К подсудимому было предъявлено обвинение по пяти пунктам, в которых он на допросе, произведенном утром судебным приставом Арабином, не признал себя виновным. Представ, однако, перед судьями, он попросил разрешения взять обратно первое показание и признал себя виновным по двум пунктам обвинения, не носившим уголовного характера.
Поверенный банка, указав на то, что к подсудимому было предъявлено еще три обвинения, заявил, что банк не желает пролития крови. После этого в протокол было занесено, что подсудимый признает себя виновным в двух менее тяжких преступлениях, и судья приговорил обвиняемого к пожизненной ссылке».
Его отвезли обратно в Ньюгейтскую тюрьму, где он должен был ждать своего отправления в колонии. В одной из его ранних статей есть странный отрывок; он представляет себе, что «лежит в Хорсмонгерской тюрьме и приговорен к смерти» за то, что не в силах был устоять против искушения и украл несколько «Марк-Антониев» из Британского музея, чтобы пополнить свою коллекцию. Наказание, к которому он был теперь приговорен, для человека с его воспитанием и образованием было равносильно смерти. Он горько жаловался на это своим друзьям и не без основания указывал, что люди должны были бы понять, что деньги, в сущности, принадлежали ему, так как достались ему от его матери, и что подлог, как таковой, был совершен уже тринадцать лет тому назад, а это, по его выражению, является уже по меньшей мере «circonstance attenuante». Постоянство личности – очень тонкая метафизическая задача, и, конечно, английские законы разрешают этот вопрос слишком быстро и грубо. Тем не менее есть нечто драматическое в том, что это тяжкое наказание было наложено на него за преступление, которое, если мы вспомним его роковое влияние на язык современной журналистики, было отнюдь не самым тяжким из всех его преступлений.

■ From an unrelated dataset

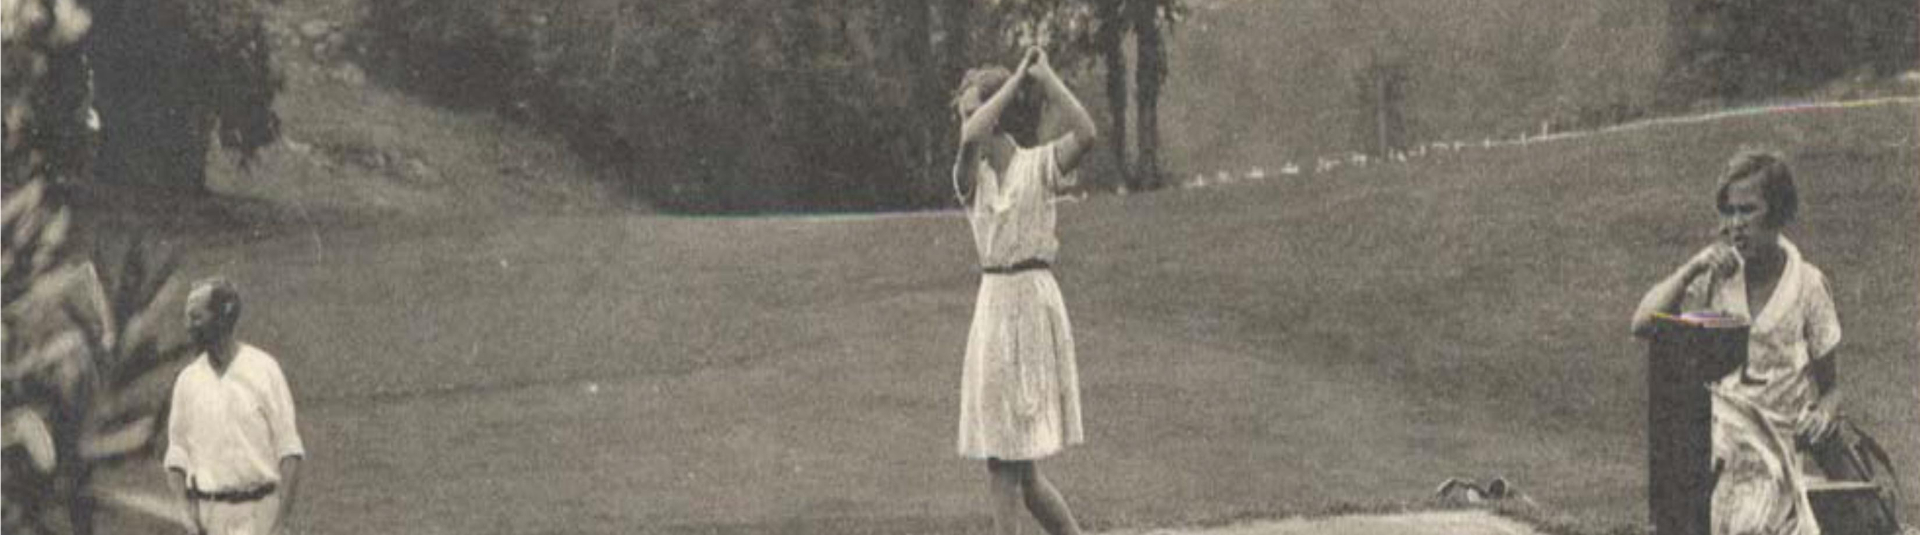 vintage snapshot of female golfers
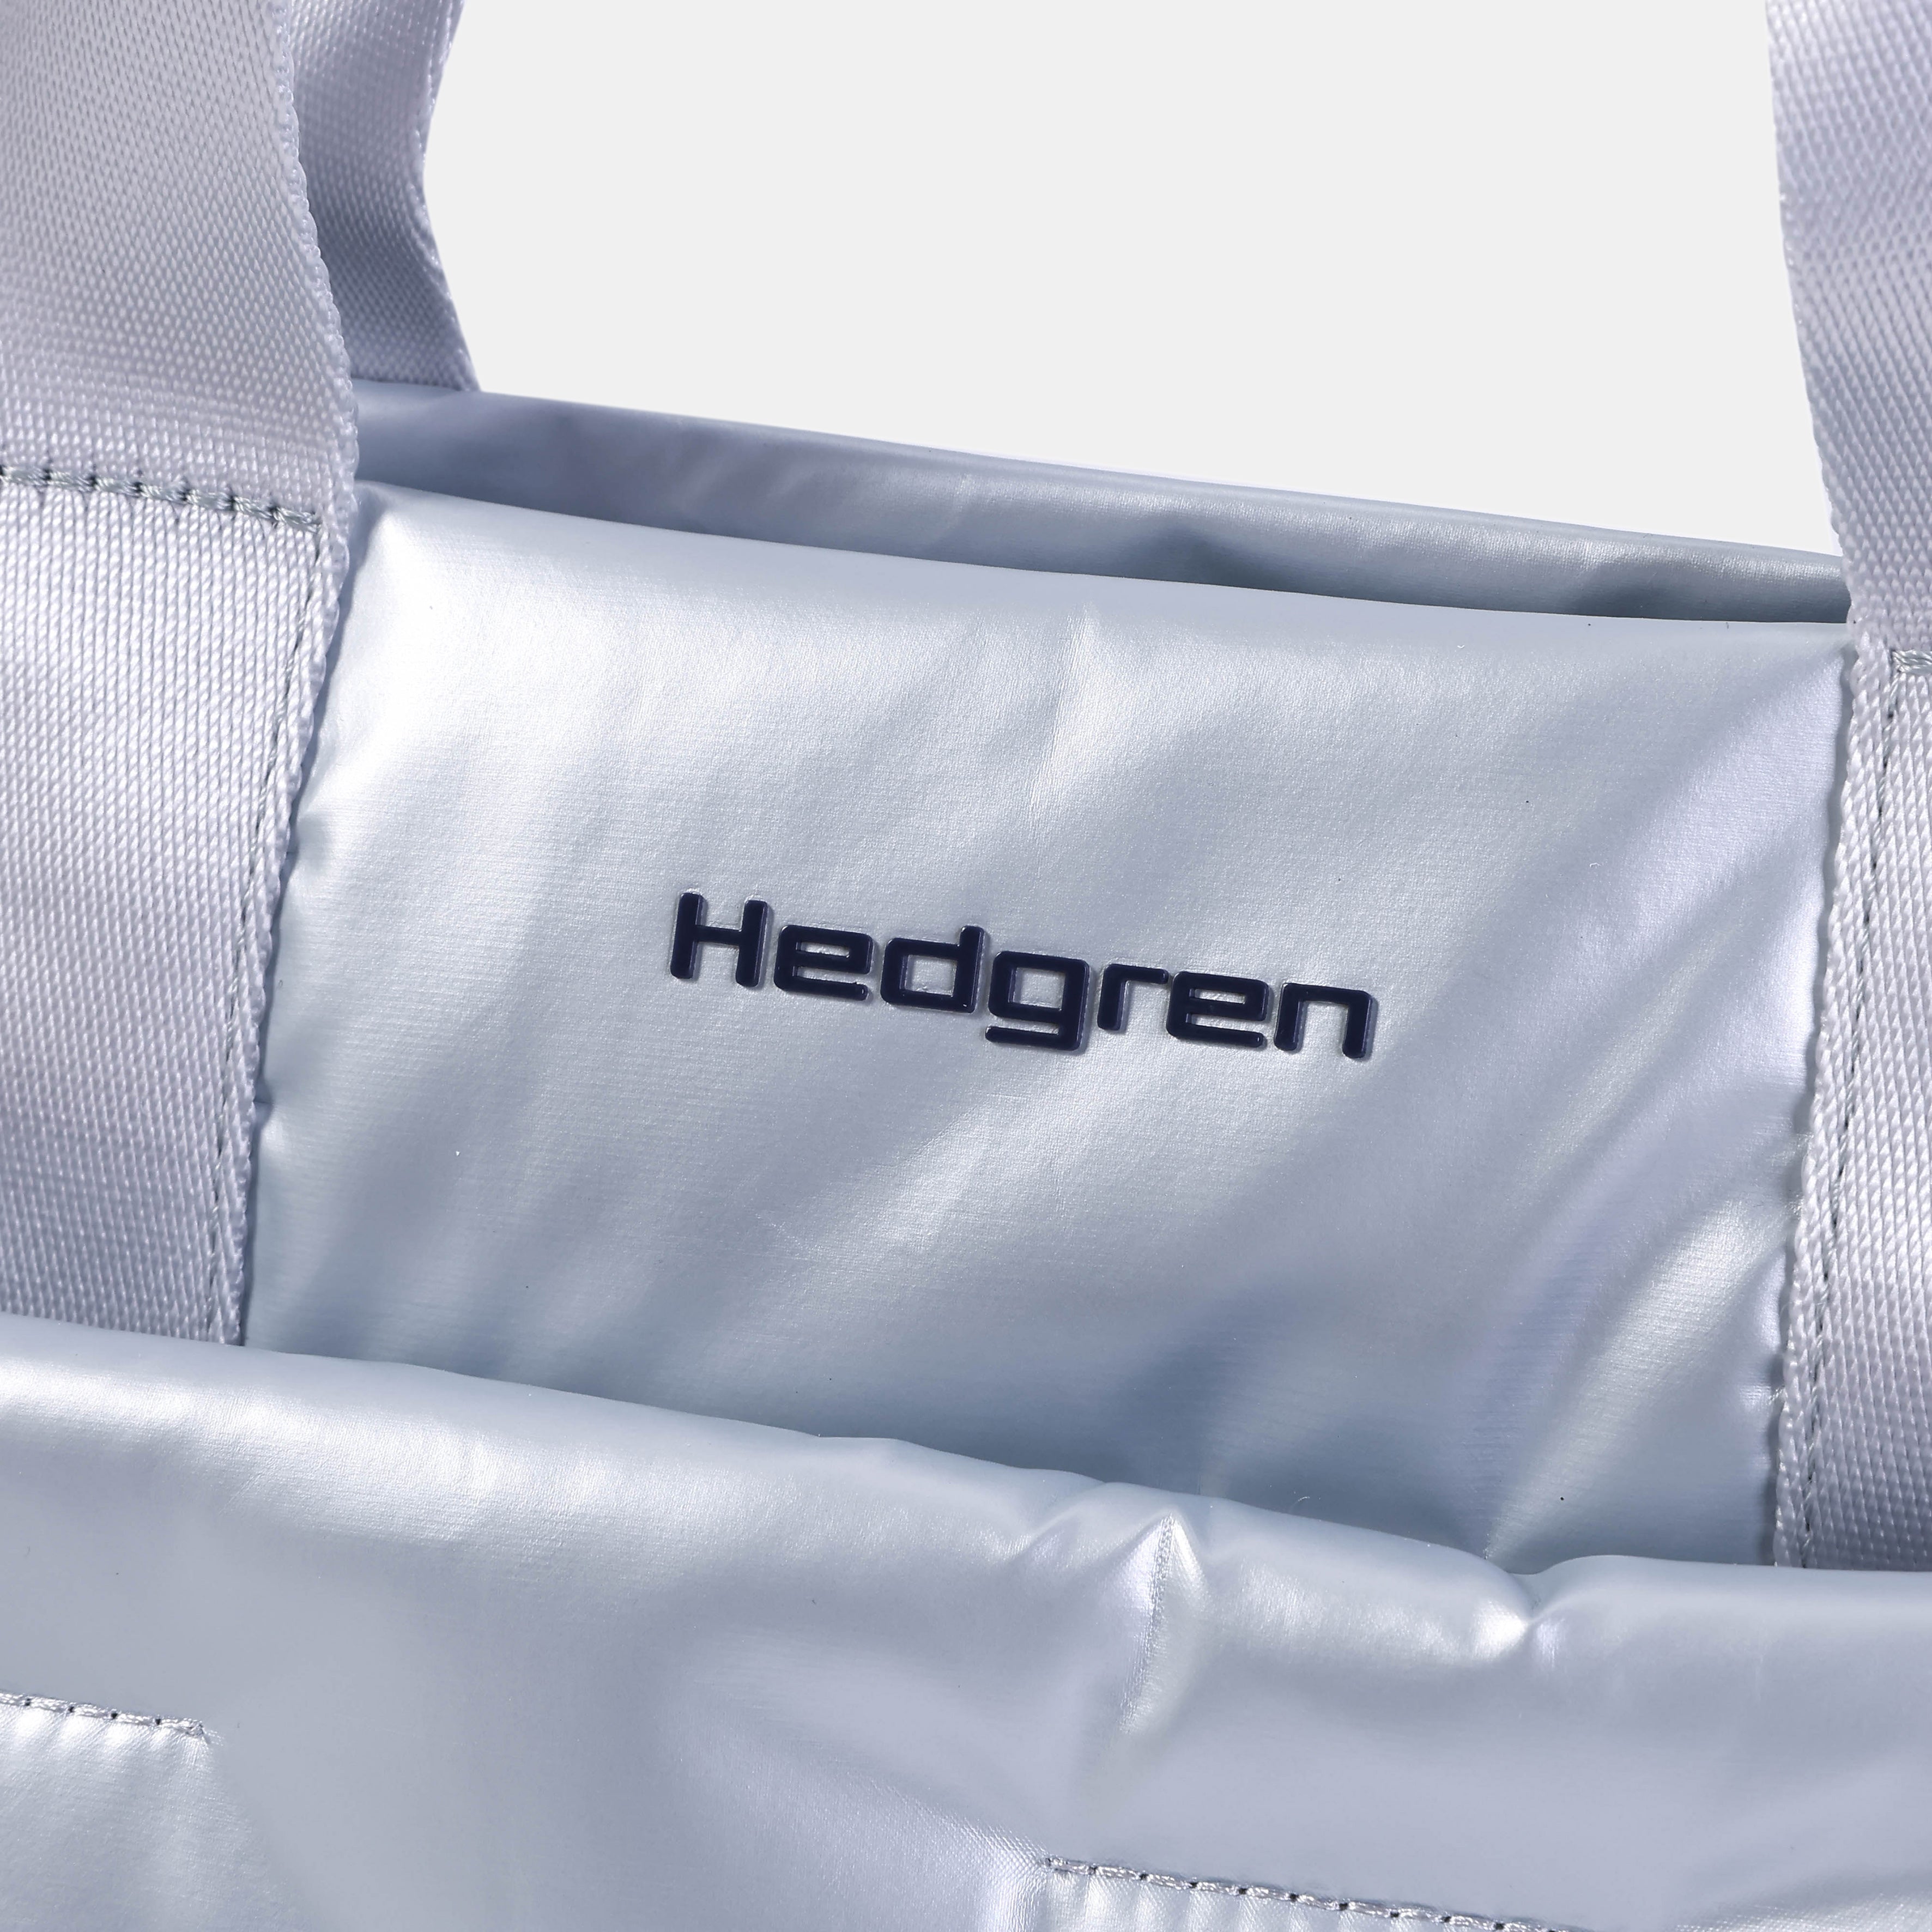 Hedgren Softy Pearlblue Bag

Во время его пребывания в тюрьме на него случайно наткнулись Диккенс, Макрэди и Хэблот Браун. Они обходили лондонские тюрьмы в поисках художественных впечатлений и в Ньюгейте неожиданно увидали Уэйнрайта. Он встретил их вызывающим взглядом, как рассказывает Форстер; но Макрэди «пришел в ужас, узнав в нем человека, с которым он был близок в былые дни и за столом которого обедал».